The body's internal clock is a highly sensitive mechanism able to anticipate changes in the environment and regulate a host of body functions, from sleep patterns to metabolism and behaviour.
Disruption of these "circadian" rhythms have been shown to be linked with insomnia, depression, heart disease, cancer and neurodegenerative disorders.
What's neat about cAMP is that it is very easily controlled by different medicines and compounds Dr Michael Hastings, study leader |
At the beginning of the circadian day, genes are switched on which then produce proteins which in turn go on to switch off the same genes at the end of the day.
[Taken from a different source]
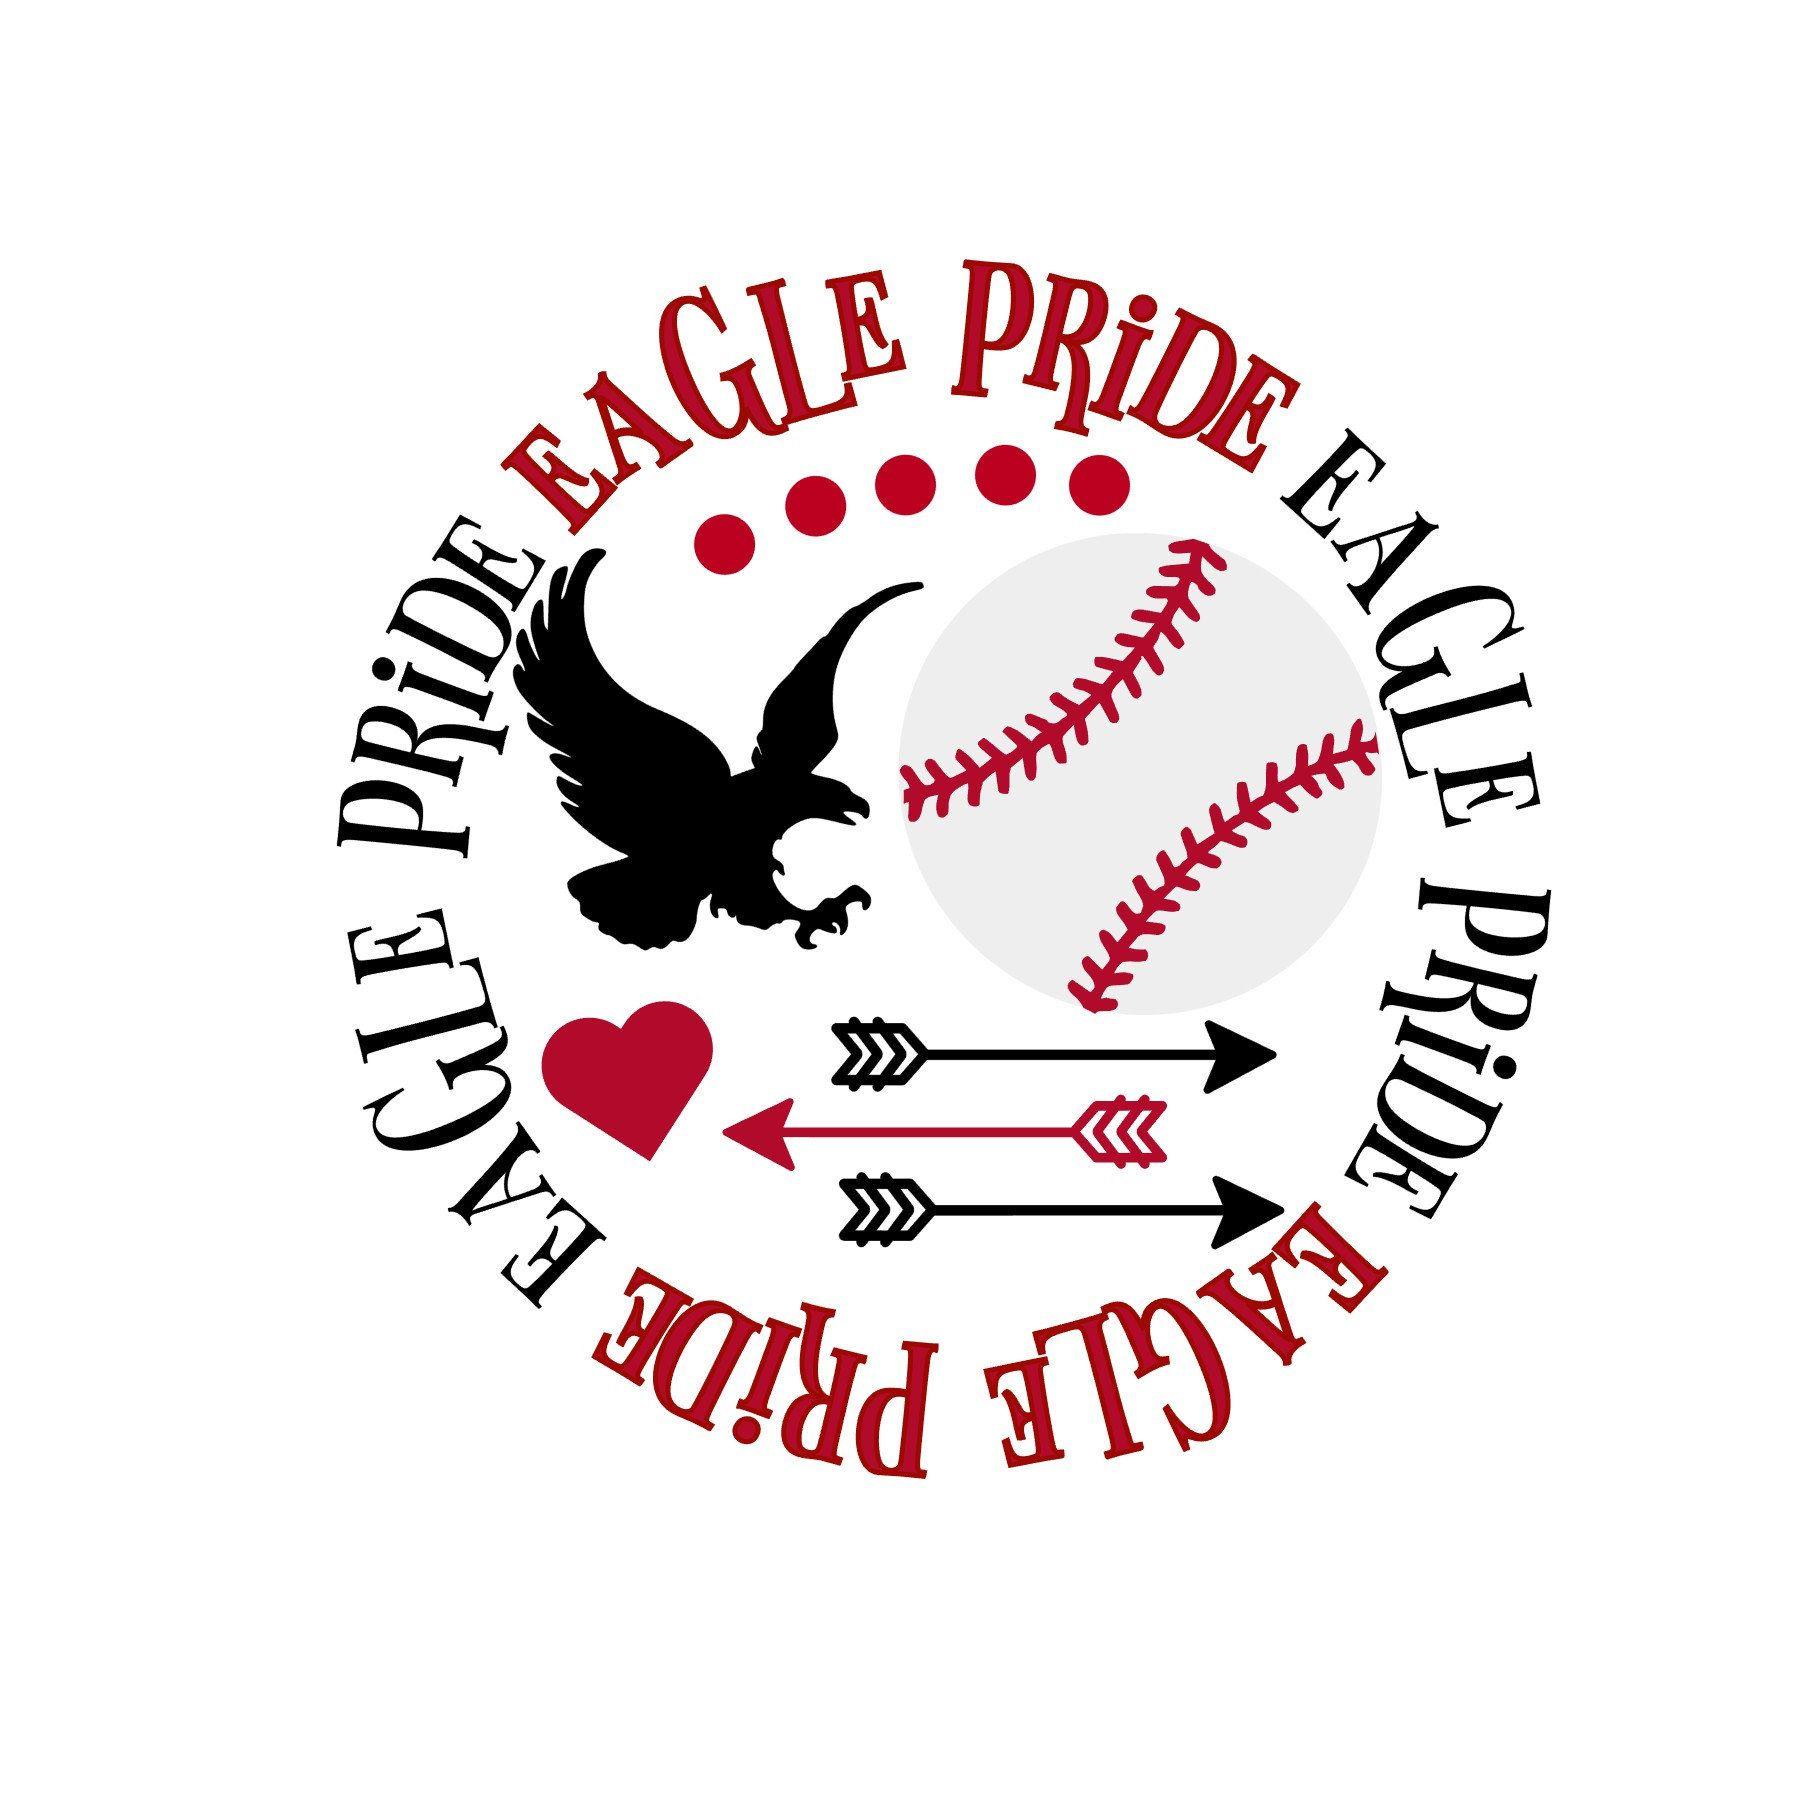 Eagle Pride Baseball SVG (With images) Baseball svg, Svg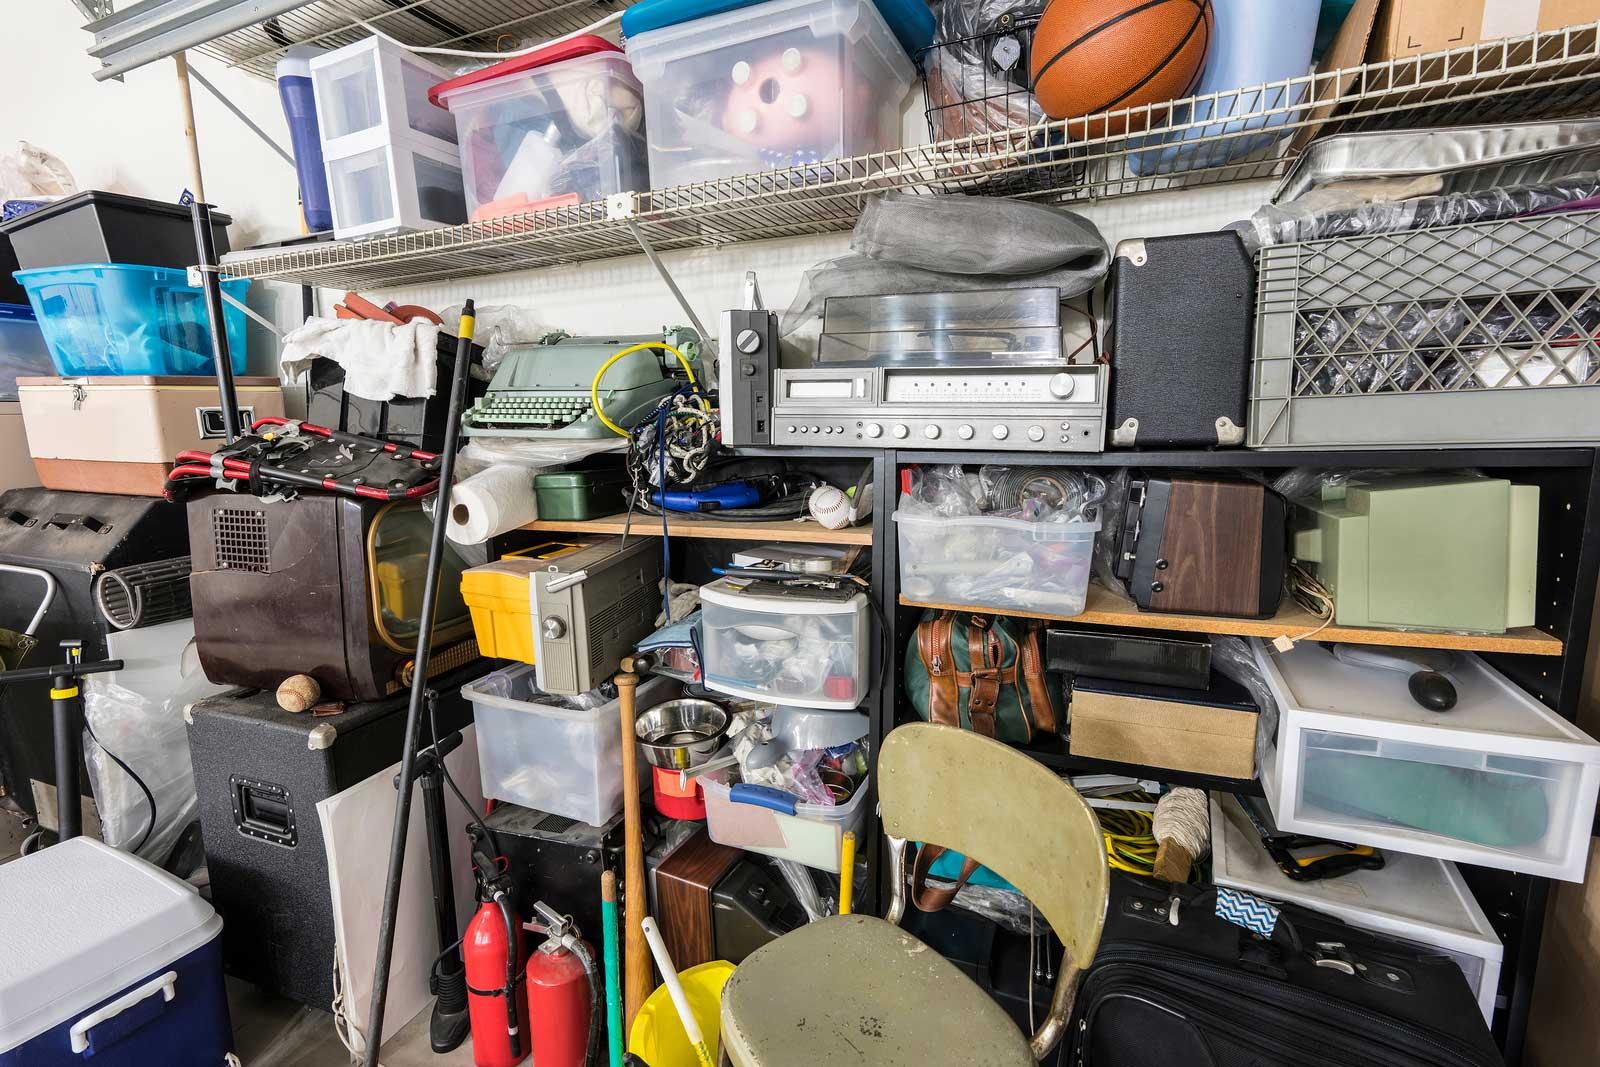 Casiers et équipements de sports dans un grand local d'entreposage

The proteins are broken down over the circadian night and the process starts all over again in the morning.
Researchers at the Medical Research Council Laboratory of Molecular Biology discovered that cAMP not only helps regulate the production of these proteins but that its own rhythm is also regulated by this "loop".
In laboratory experiments in cells the proteins were engineered to light up so the researchers could easily monitor the circadian rhythms depending on how much protein was present dependent on the activity of cAMP.
Slow down
Study leader Dr Michael Hastings said in mice who by a quirk of genetics had a 20-hr body clock, they were able to reset the clock to 24 hours by using known compounds that are known to slow down the action of cAMP.
"What's neat about cAMP is that it is very easily controlled by different medicines and compounds."
He added the MRC had filed a patent for developing ways to manipulate cAMP with regards to body clock but there were 15 to 20 years of experiments before any drug would be available for human use.
"If you're flying to California it takes eight to nine hours and the body clock can adjust by one hour for each day so it takes about a week and then you have to come back.
"What we need to do is slow down the clock for that first day from 24 to 36 hours so you would already be in sync with California time," he said.
Dr Neil Stanley, a sleep expert at Norwich University Hospital, said the body clock was an incredibly complex system.
"This is very interesting from a biological basis but the perils and pitfalls of trying to develop new methods for regulation of sleep are great.
"For example melatonin hasn't really fulfilled its promise and it's been harder to use it usefully than people once hoped."